Marcus could feel Jack’s desire to indulge his homicidal tendency. It was radiating from him, becoming contagious because Marcus could see that Evelyn knew they wouldn’t kill her, and she always thought that she was the smartest person in the world. Killing her now would prove her wrong, Marcus reasoned. Though it would do nothing more than to boost Marcus’ ego, it would be worth it just to wipe that smile off her face.
“What are you doing here, Evelyn,” Jack asked through his teeth. “What do you want?”
Evelyn’s face changed. Marcus could now see that she was scared, realizing perhaps that her audacious plan was a bit too forward, too arrogant, putting her in a precarious position. “I get your anger. I did put you in that house and did what I had done. If I were you, I would pull that trigger.” Her voice was changing. “But I want you to hear me out because I can help you,” she said. “I want to stop that bastard myself because he deserves it.”
“The last time you made a proposal to do the right thing, Markie here went to Neverland. Twice. Why—in the hell—would we ever trust anything that comes out of your little pricy mouth?”

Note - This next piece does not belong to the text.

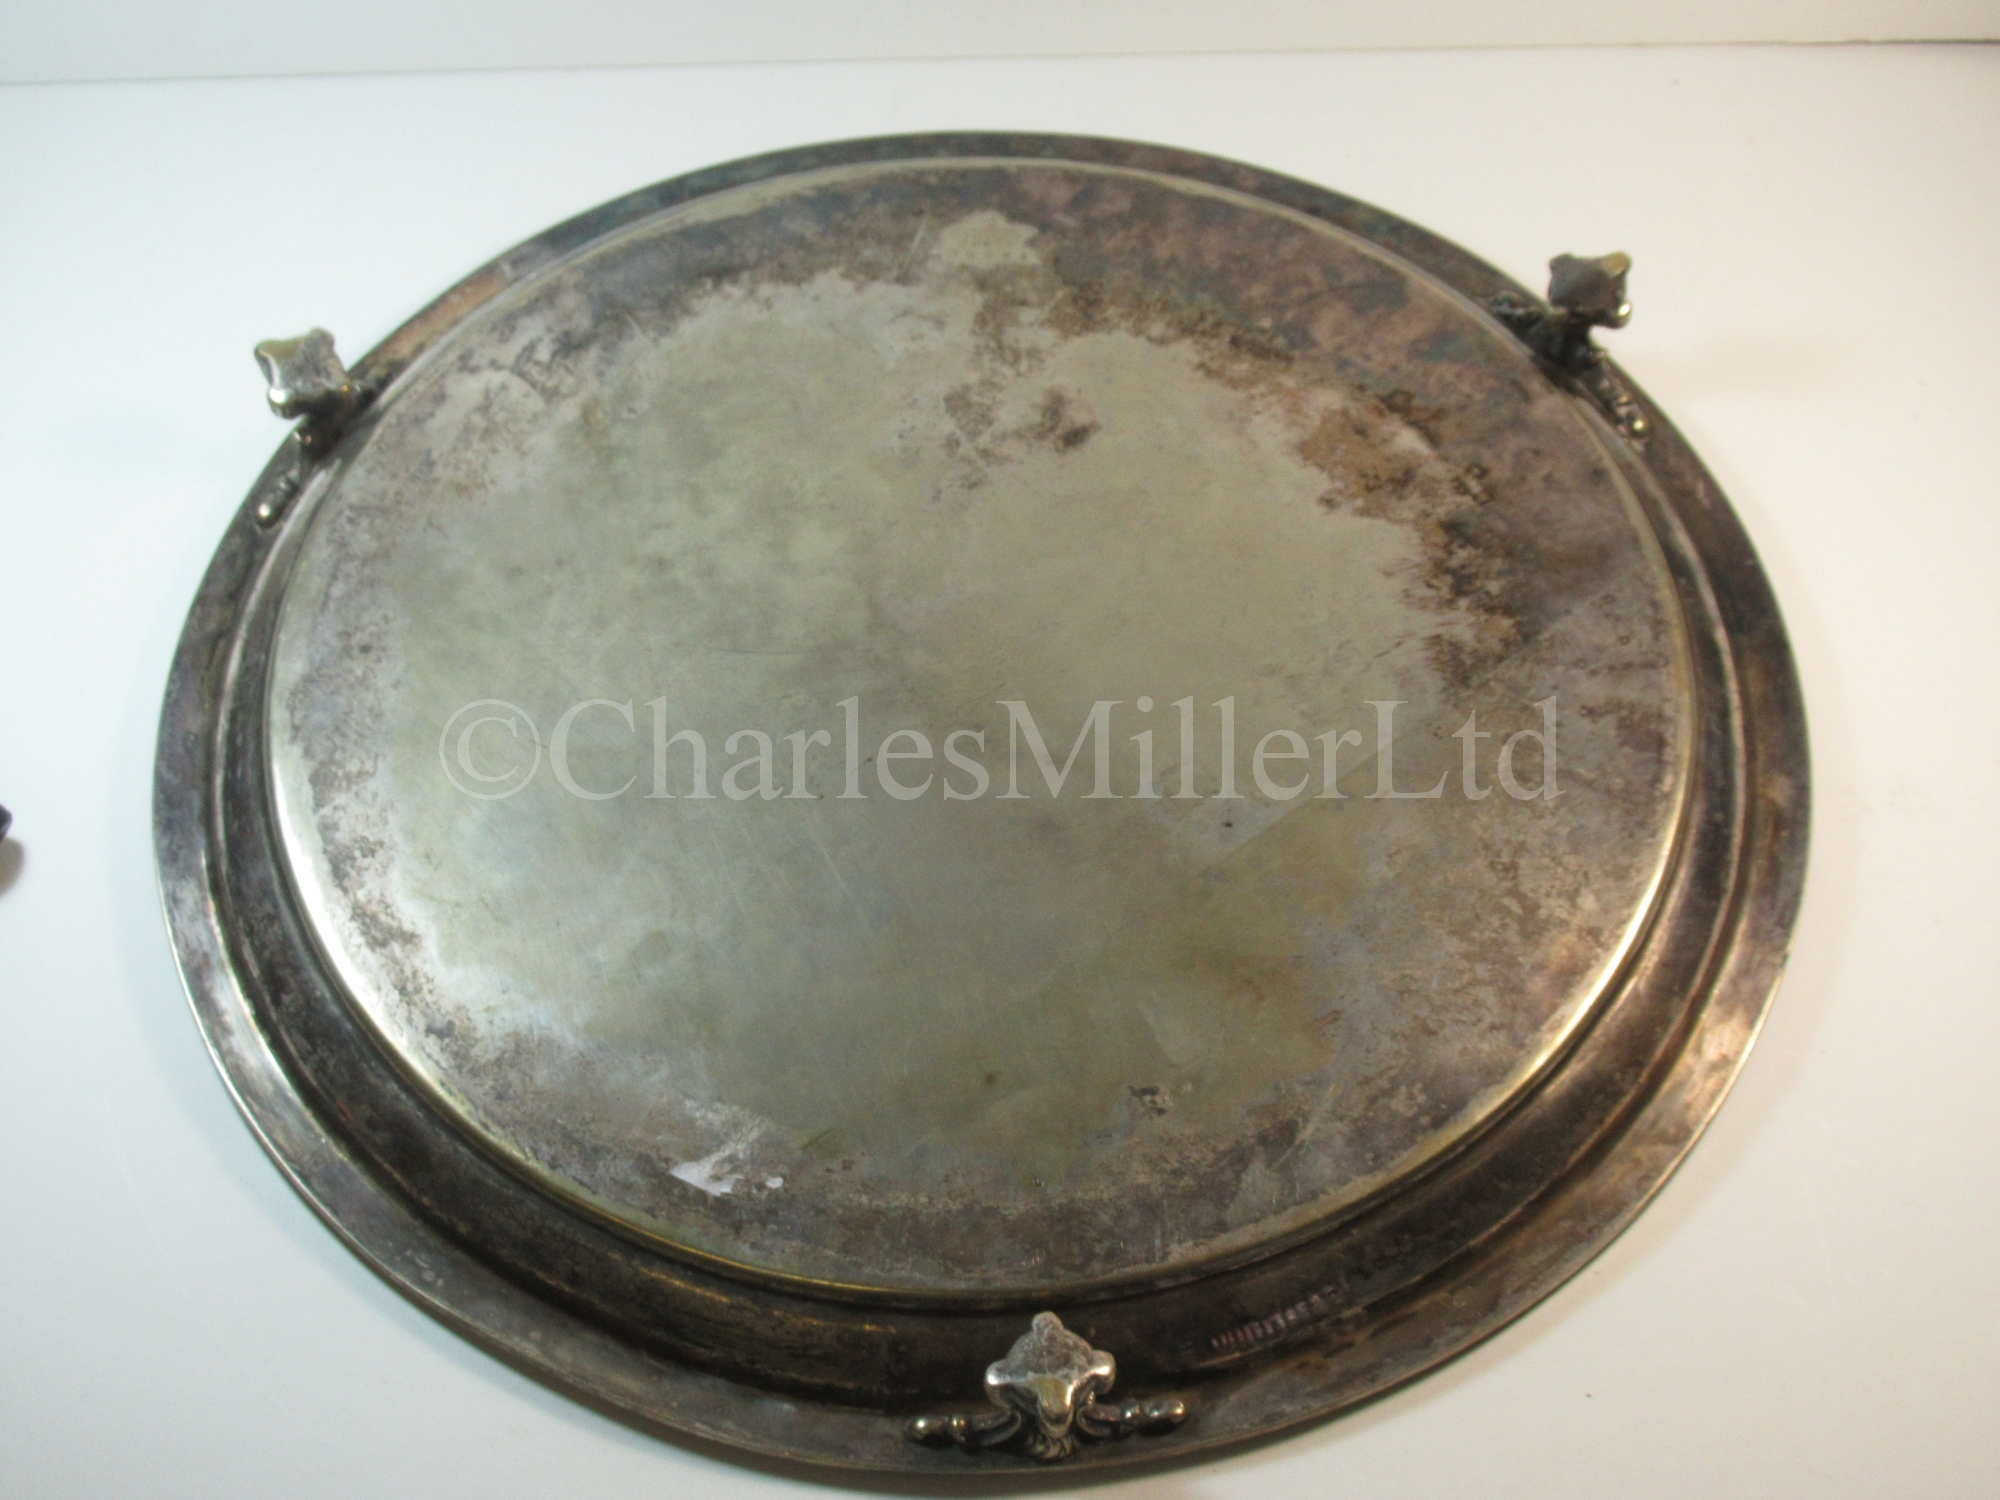 A Clyde Shipping Company Ltd plated serving tray, with three feet - Image 6 of 6

Evelyn was staring at Marcus, focused, thinking, her insecurity and fear now palpable. “First things first—I give you Didier back. That way you put your guns down and we talk.”

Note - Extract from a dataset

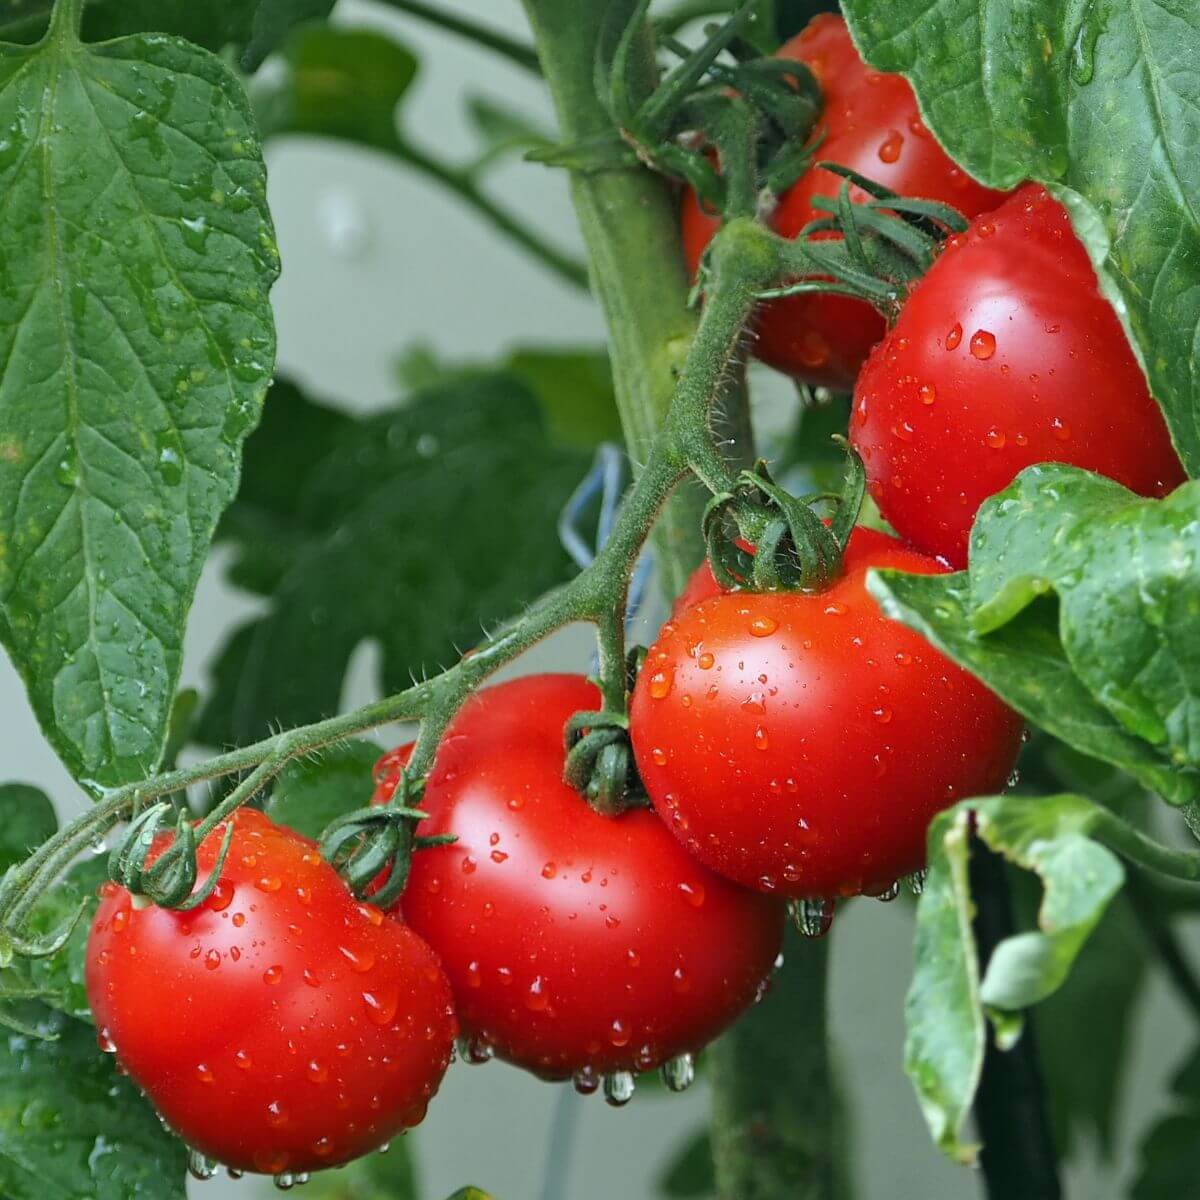 Tomato is great for the anti-inflammatory hormonal acne diet.

Jack and Marcus both stared at her, saying nothing. Evelyn swallowed a ball, her movement somewhat obstructed, like sort of a twitch. She moved the phone in front of her face and hung it up with her left hand. Jack and Marcus jerked a step forward both and pointed their guns more vigorously at her head, fighting the desire to pull the trigger and see her brains all over the walls with every atom of their strength. That woman has cost them both so much, betrayed them so many times, and put them in too many dangerous positions that were best avoided. She deserved to be riddled with bullets. And Evelyn knew it.
After she hung up the phone Jack screamed at her. “What did you just do?!” And her body stiffened, her face lost color, becoming ghostly pale. She was dealing with the fact that she might be living her last moments on Earth, awaiting judgment. She was expecting it. Marcus hoped that she knew it would be well deserved.
Evelyn’s phone rang and she answered, putting it on speakerphone so everyone can hear Didier’s voice. Marcus relaxed somewhat, though not completely because he knew how crafty she really was.
“There,” she said. “Didier is alright.”
“You can’t cause a problem and then pretend like you’re Virgin Mary after you solve it, you manipulative bitch.”
“I know—“
“You tried to blow me up!” Jack screamed, the spit from his mouth flying all over, his face turning red. Marcus could see Evelyn shot and laying dead on the floor. Judging by Evelyn’s face, she could picture the same thing.
“If I had come to you alone, without any leverage, then I wouldn’t have survived five minutes. And I need to talk to you.”
“We are way past talking,” Jack sneered.
“I have a proposal for you. And you need to hear me out,” Evelyn said, her voice breaking.
Marcus wanted to interject, to say that maybe they should listen to her because their original plan was not a smart one. But he couldn’t. He couldn’t because Evelyn, in his mind, was no longer a human being but an archetype of misery. She was looming high in his head, stronger and more powerful than anything and everything else in his head. Because of it, he could not speak. He could not even pull the trigger. On reflex, he had pulled out his gun, and kept it there for ceremony, knowing that he could not pull the trigger if the need for it arose. He was frozen in space and time, the situation completely out of his hands.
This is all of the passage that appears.